At uTRAC, we understand that trust and data security is essential to the services that our customers provide. That's why we are committed to maintaining the highest of security standards for our software and our service.

As a centralized workforce management solution, uTRAC decreases the need for disparate systems giving businesses one solution for securely hosting and managing employee data. Our protection framework backed by industry recognised accreditation gives our customiers peace of mind that their company data is secure and that they have the control they need for managing sensitive data adequately.

SOC 2 Certified

uTRAC is committed to maintaining SOC 2 certification in accordance with the American Institute of Certified Public Accountants (AICPA). uTRAC is audited independently by by Prescient Assurance, a leader in security and compliance attestation for B2B, SAAS companies worldwide.

SOC 2 Logo
SOC 2 Audited by Precient Assurance

uTRAC As Data Controllers

For businesses that subscribe to use uTRAC for the provision of our Workforce Management or Applicant Management solutions, we are your data controllers. From the moment customer data is captured, we adhere to the strictest management of that data. In running our business, we utilize some 3rd party data processors (CRM's and Business Analytical tools) but only for the management of customer's business and contact information and never for processing our customer's employee data. All 3rd party data processors adhere to uTRAC's strict internal privacy policies which are guided by regulations and industry standards.

All customers can be provided with all held data and that data can be deleted upon 'right to be forgotten' requests where there is no legitimate requirement for us to hold that data.

Payment Processing

uTRAC does not hold any credit/debit card details used for processing online subscription payments. These payments are processed through Stripe.

uTRAC & Your Employee Data

Businesses looking to utilize uTRAC as a processor of their employee data can rest easy that the uTRAC cloud infrastructure and security team is dedicated to the protection of that data. Keeping our customer’s data is the most important aspect of what we do and uTRAC’s security is fundamental to our business.
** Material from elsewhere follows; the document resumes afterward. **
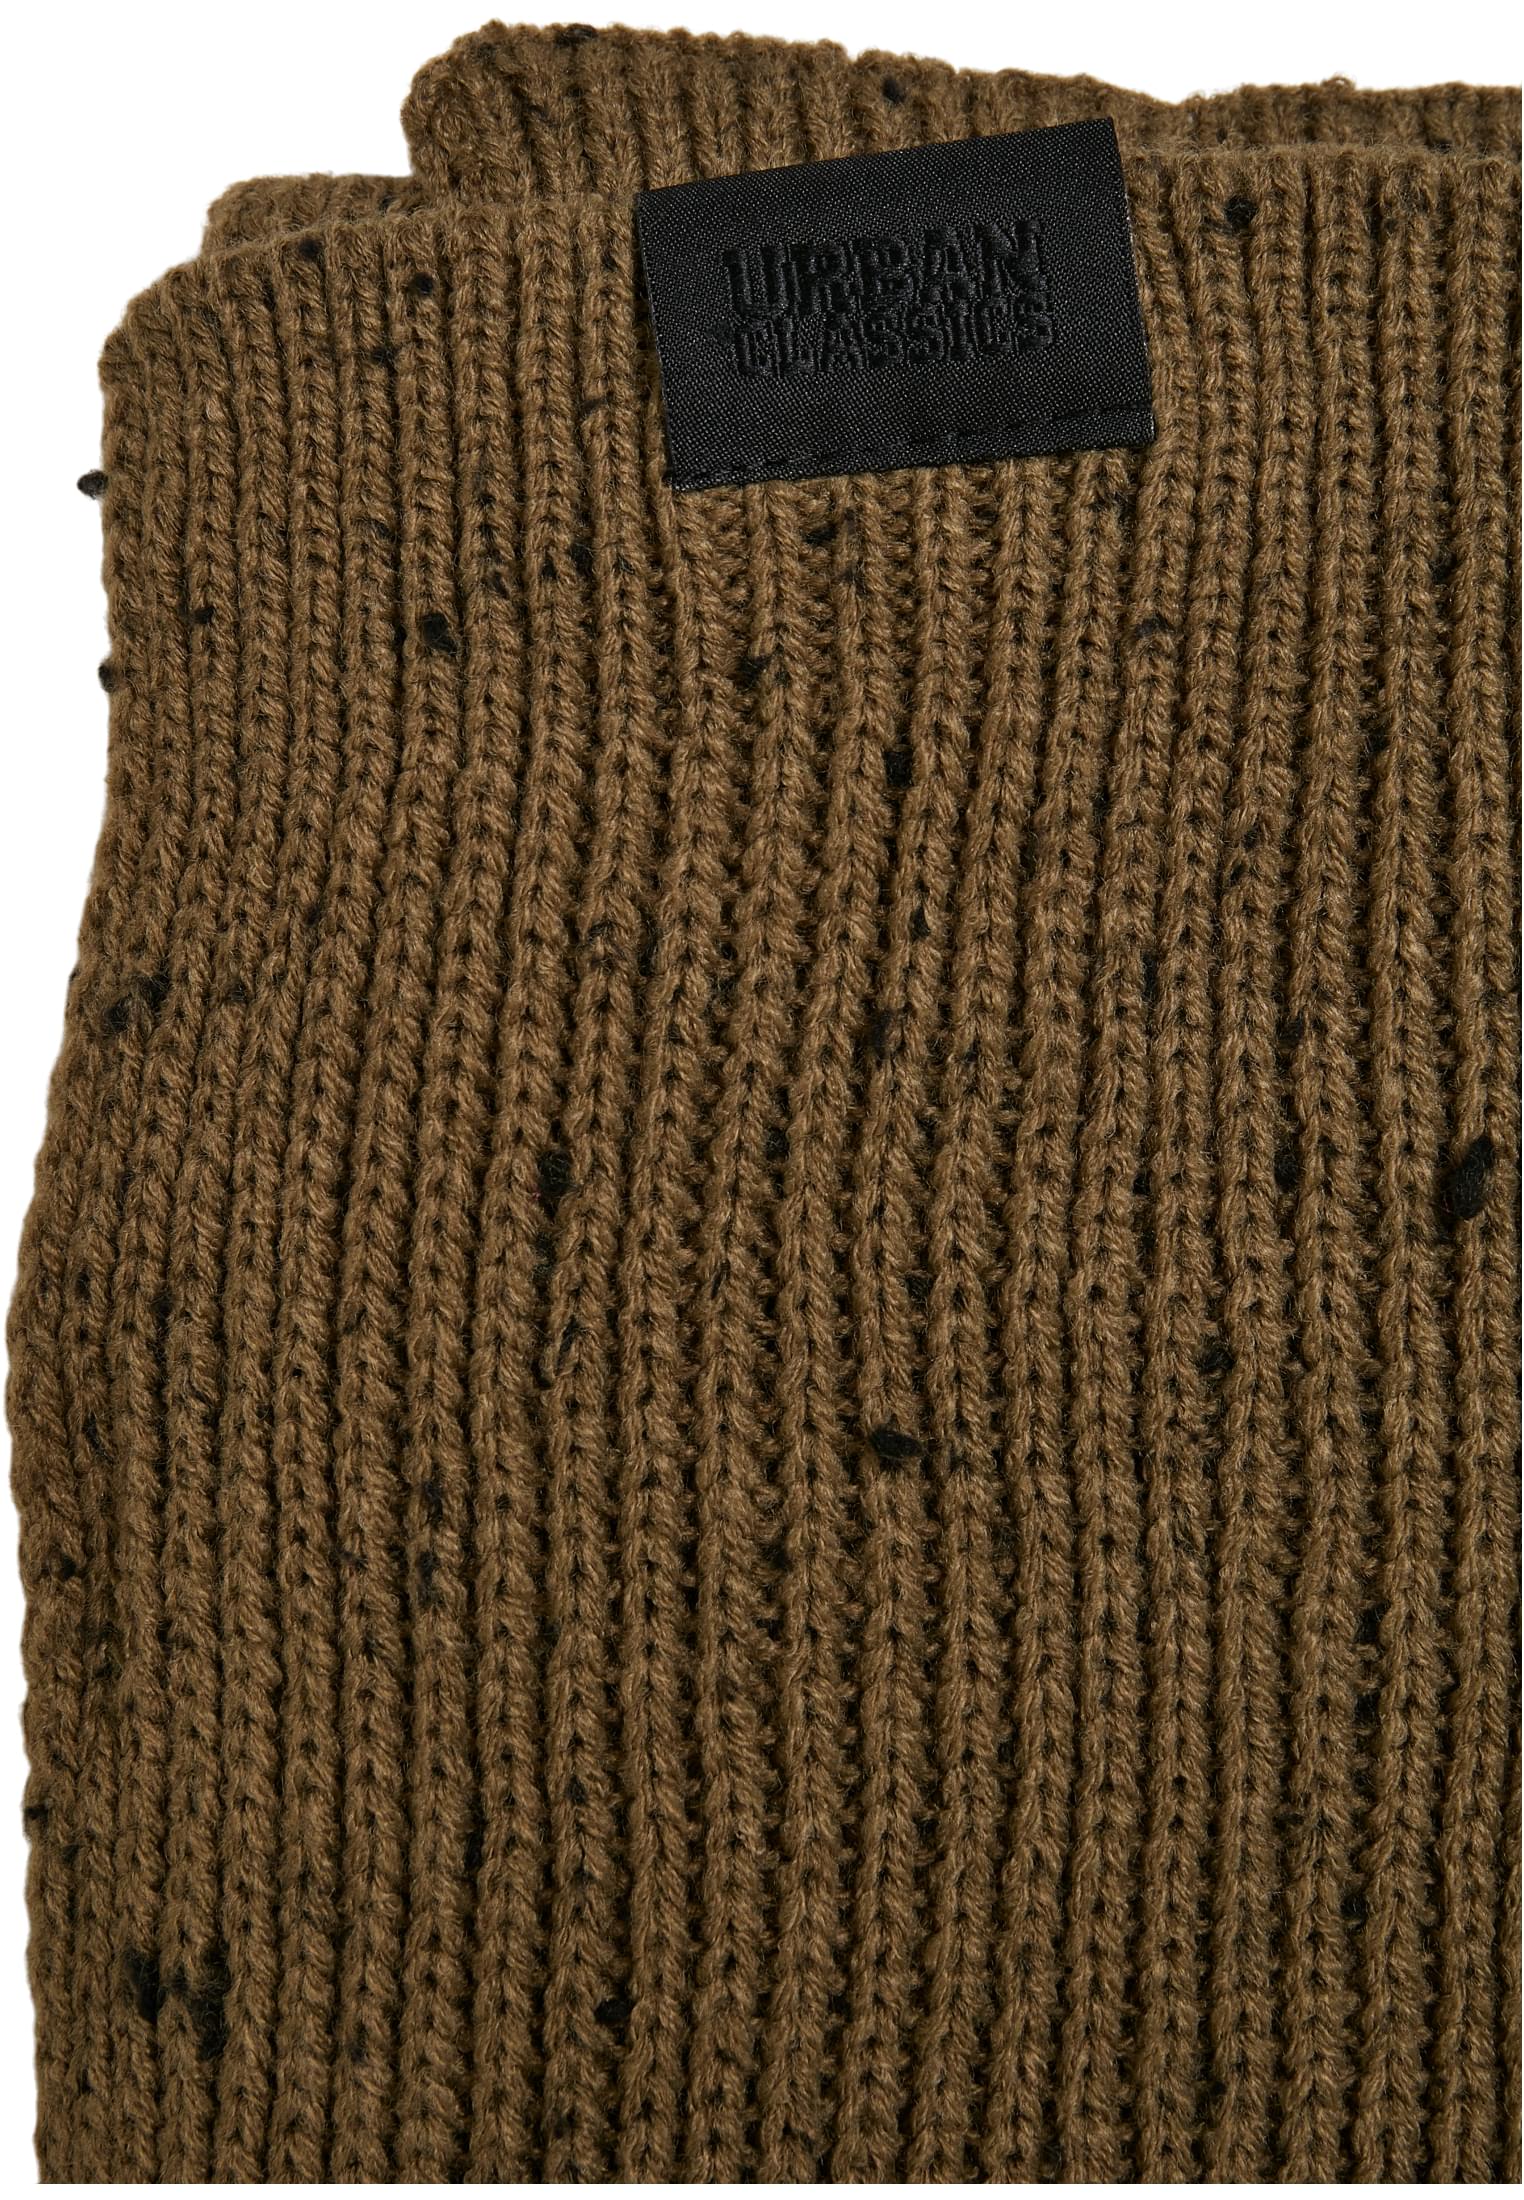 Handschuhe & Schals Nap Yarn Knit Set in Farbe olive/black

Please review our Terms of Service for more information about uTRAC’s Data Security Policies.

Where Is Your Data Hosted?

All data uploaded to uTRAC is hosted by Digital Ocean cloud hosting with our platform running from 3 facilities.

London, UK

uTRAC customers based in the United Kingdom have their data hosted in Digital Ocean servers located in their London data centre.

Amsterdam, Netherlands

uTRAC customers based in the European Union have their data hosted in Digital Ocean servers located in their Amsterdam data centre.

New York, USA

uTRAC customers based anywhere else in the world have their data hosted in Digital Ocean servers located in their New York data centre.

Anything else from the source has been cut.